Life of Hardin Vol. IV, No. 10

Shave and a Haircut


The good Lord, in his wisdom, gave Paul a thorn in his side to keep him humble. To me he gave the tangled mass of hair upon my head. It resembles more the dense and weedy undergrowth of an African jungle than it does a head of hair. It has been unruly and uncooperative most of my life. I even thought at one time about shaving my head because I heard a rumor that curly hair would grow back straight if shaved off.

In my younger days I kept it cut so short it could not curl. It was the only trick I had discovered to keep it semi-tame. I worried so much about it that I avoided conversations with girls for fear my hair would suddenly sprout an inch and cause my instant mortification. In order to keep it thus short I required frequent haircuts. I refused, however, to pay six dollars to fight a losing battle. Instead I required my mom to do the cutting. With the passage of time my hair wore me down. It never stopped growing. I tired of the bi-weekly trim, and I gave up the fight. I let my hair go. I resolved myself to the life of a mountain man, lonely and unkempt (minus the mountain).

So I freed my hair to go its own way and to curl as much as it could stand. Later I ran into an old friend, a girl, who years before held my heart in her hand.

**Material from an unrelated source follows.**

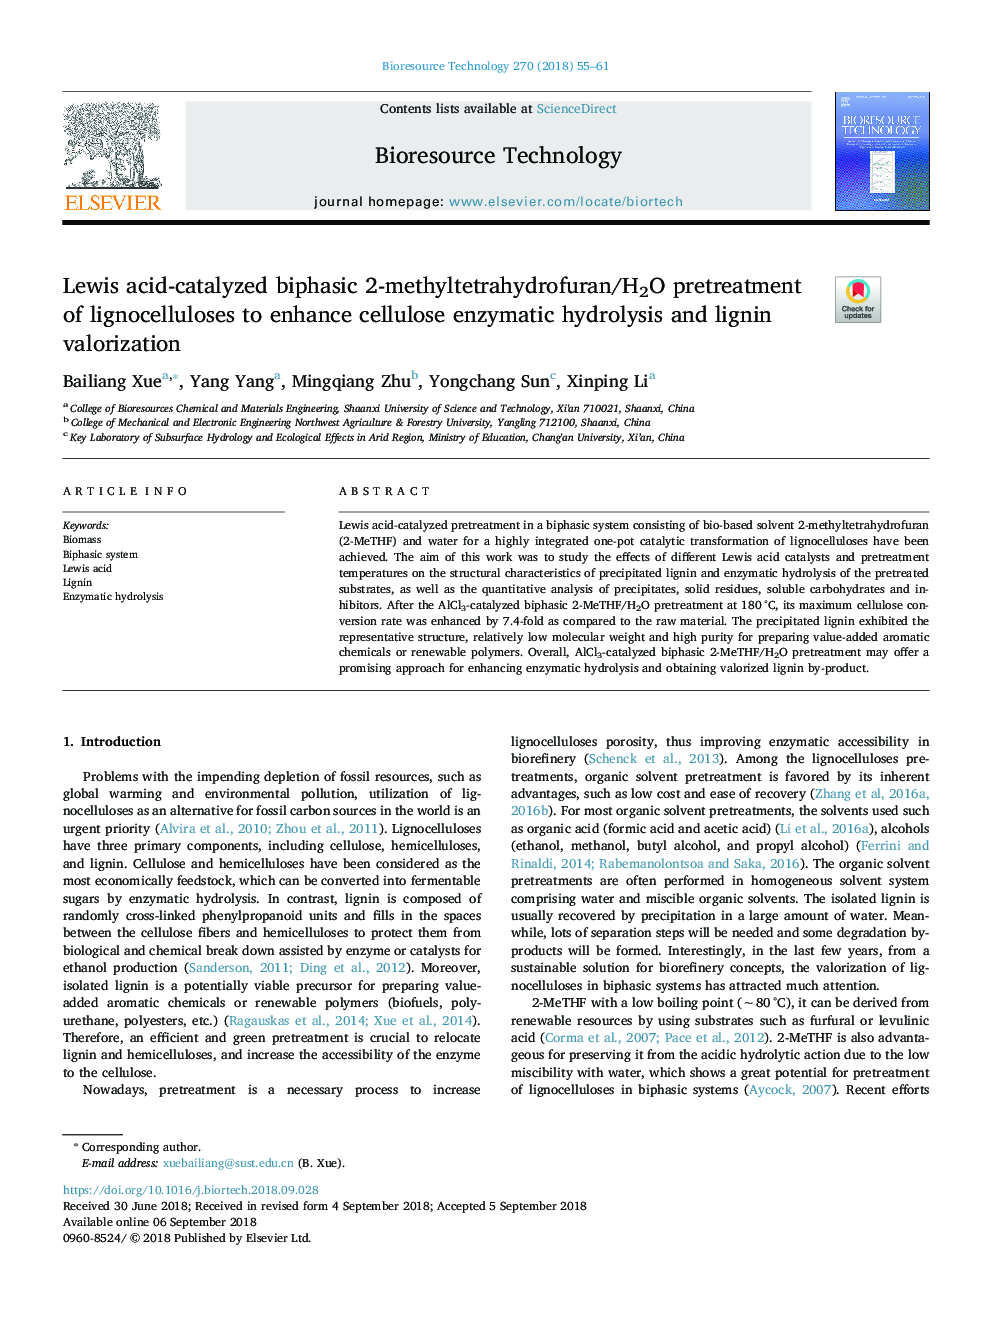 Lewis acid-catalyzed biphasic 2-methyltetrahydrofuran/H2O pretreatment of lignocelluloses to enhance cellulose enzymatic hydrolysis and lignin valorization

At our chance meeting that same hand shot out and toyed with my hair. “Your curls are so cute!” she cooed.

I slapped her hand down, stuck my tongue out, and went immediately for a haircut.

Now I own a pair of professional electric hair clippers. My wife uses them to cut my hair every few months or so when children begin to run from me or women instinctively run their fingers through my locks. My wife is a perfectionist. “I don’t want to mess it up,” she says as she agonizes before each trim. She doesn’t believe me when I say, “Just go to cutting. You can’t hurt it. It will grow back.” She sometimes takes half an hour to complete the task. The first time it took forty-five minutes. She double-checked each hair to make sure they were all the same length. It was the most even haircut I ever had. My head looked like a giant yellow cotton ball. I immediately went to the bathroom and unevened myself with a pair of scissors.

I still refuse to waste money on a barber to do a job more suited for a weed eater. I gladly sit on the balcony while my wife frets over each falling curl. It’s a small price for sanity.